The fluorine-containing resin preferably includes a compound in which a side chain of an acrylic resin bonds to a main chain of a fluorine resin, a graft polymer (which may be a low molecular weight oligomer) in which a side chain of a fluorine resin bonds to a main chain of an acrylic resin, and a copolymer (which may be a low molecular weight oligomer) formed from a polyfluoro group-containing vinyl monomer and other vinyl monomer. The fluorine-containing resin is typically contained in the image receptor layer in an amount of 0 to 50 % by weight depending upon the kind of the fluorine-containing compound, while it is preferably 1 to 20 % by weight. When this content exceeds the above upper limit, the image-receiving performance may decrease.

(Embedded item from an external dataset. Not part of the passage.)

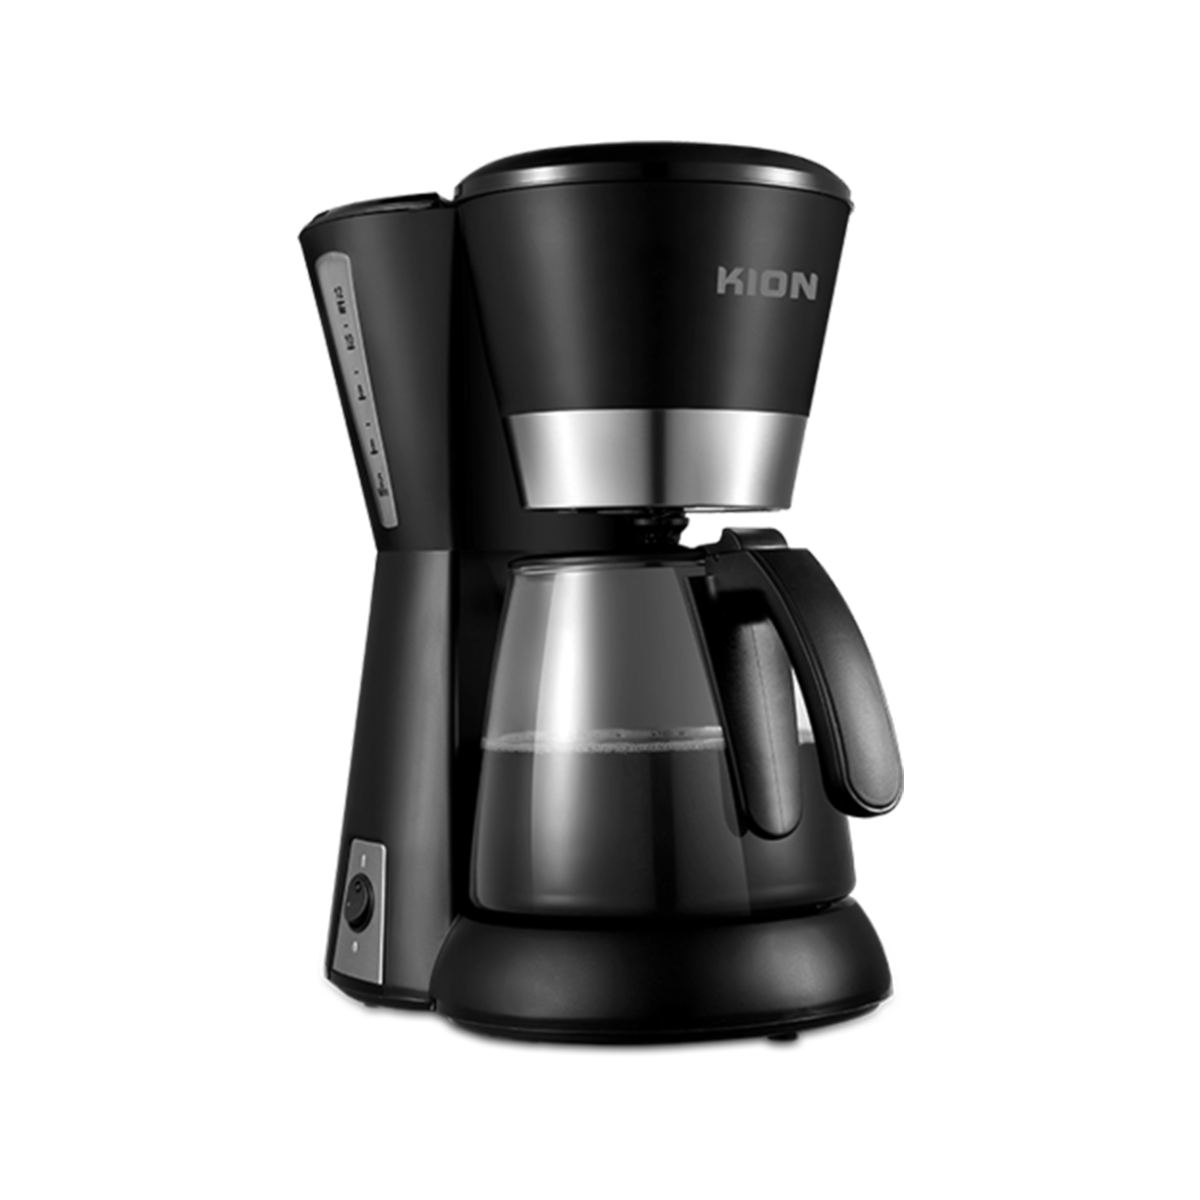 KION Coffee Maker 1.5 Liter, 920 Watt - 1080 Watt - KHD-503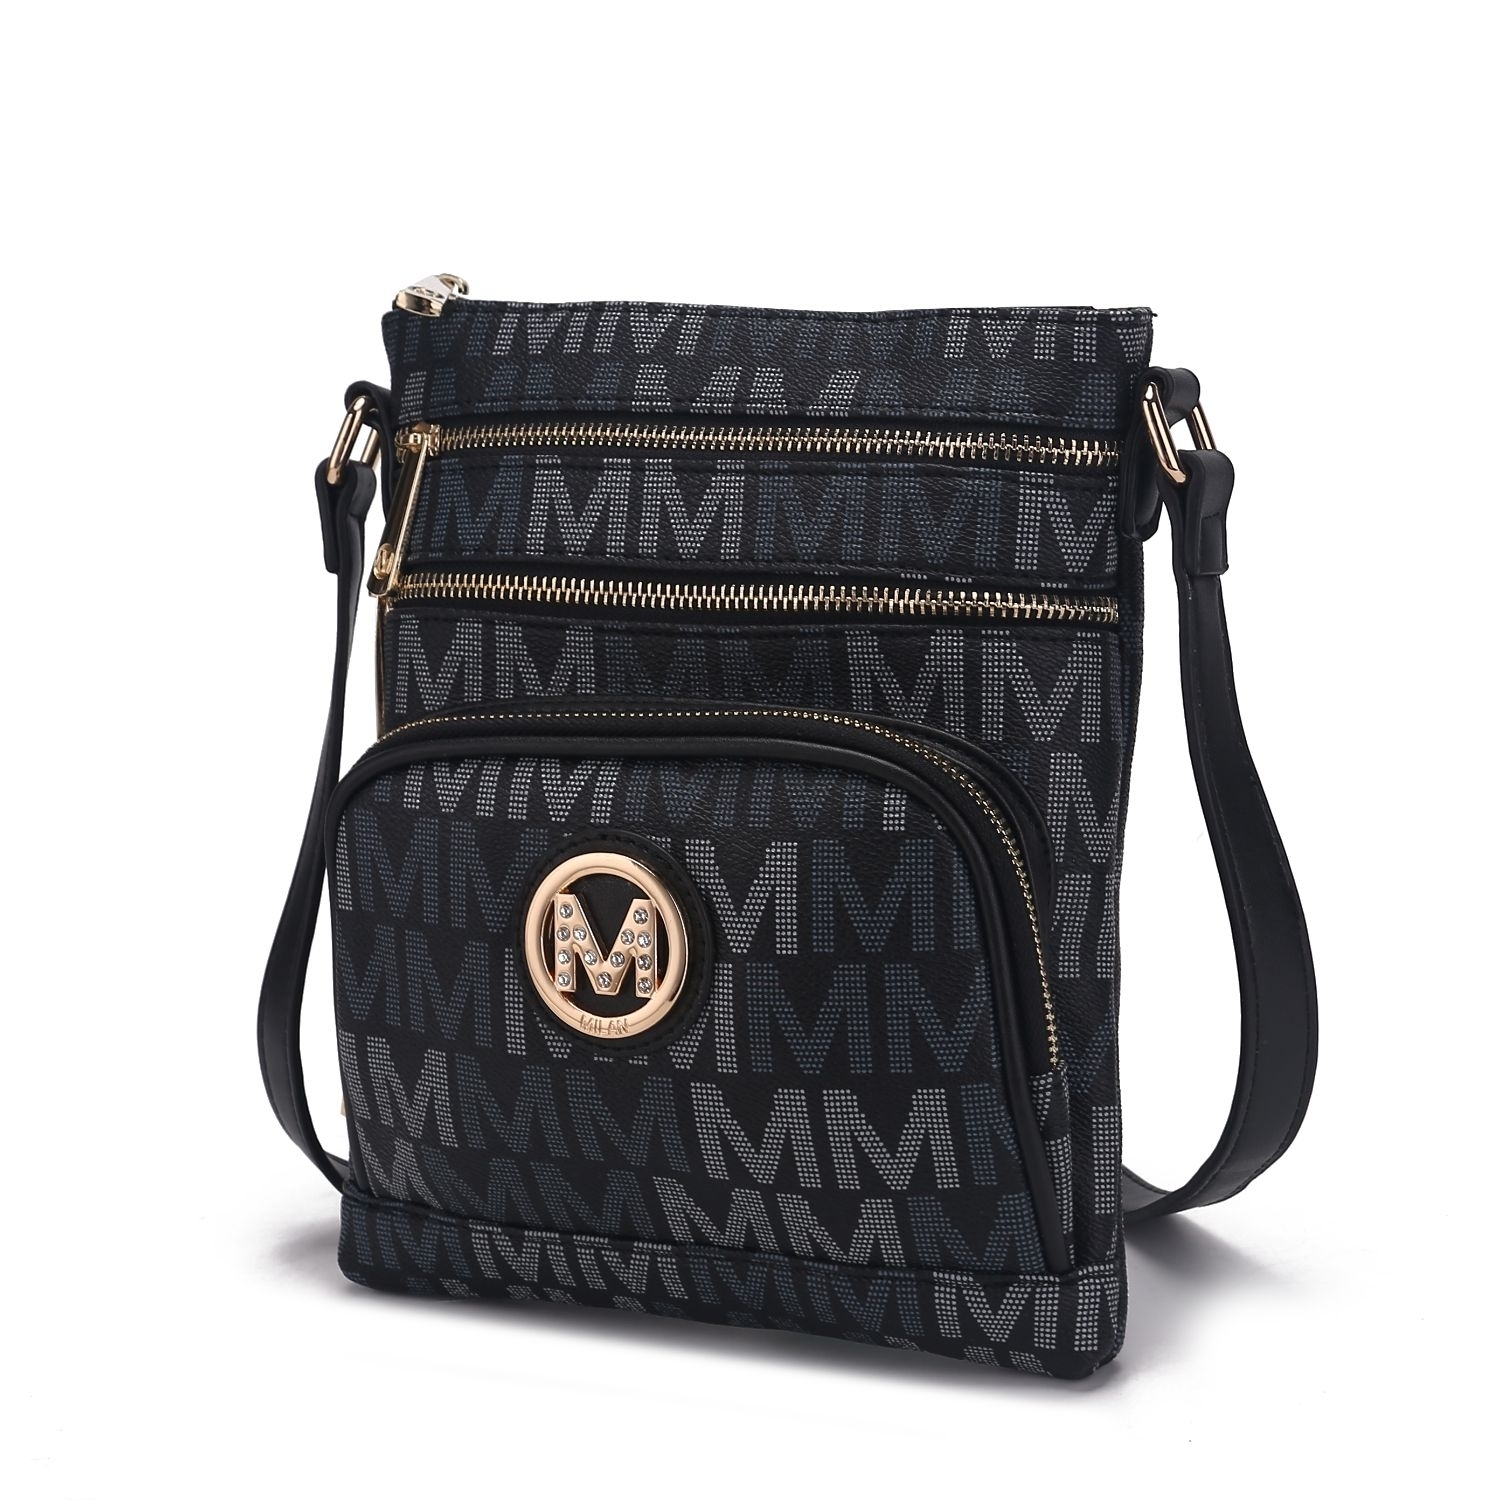 MKF Collection By Mia K. Brie M Signature Crossbody Handbag - Beige

The silicone-modified resin preferably includes polymers obtainable by graft-modifying or block-modifying polyorganosiloxane as a main chain, and particularly preferred are a silicone-modified polyurethane resin obtainable by an addition-reaction of a compound (or prepolymer) having at least two hydroxyl groups in the molecule, a polyoroganosiloxane having at least two hydroxy groups in the molecule and a compound (or prepolymer) having at least two isocyanate groups in the molecule; and a silicone-modified acrylic resin obtained by the polymerization of at least one acrylic monomer and a polyoroganosiloxane having a radical-polymerizable double bond. When a conventionally known silicone oil is used, undesirably, a so-called exudation such as bleeding may take place to cause a failure in transfer and a decrease in intimate adhesion of a transfer image. In the present invention, the term "silicone-modified resin" refers to silicone-modified resins which are solid at room temperature.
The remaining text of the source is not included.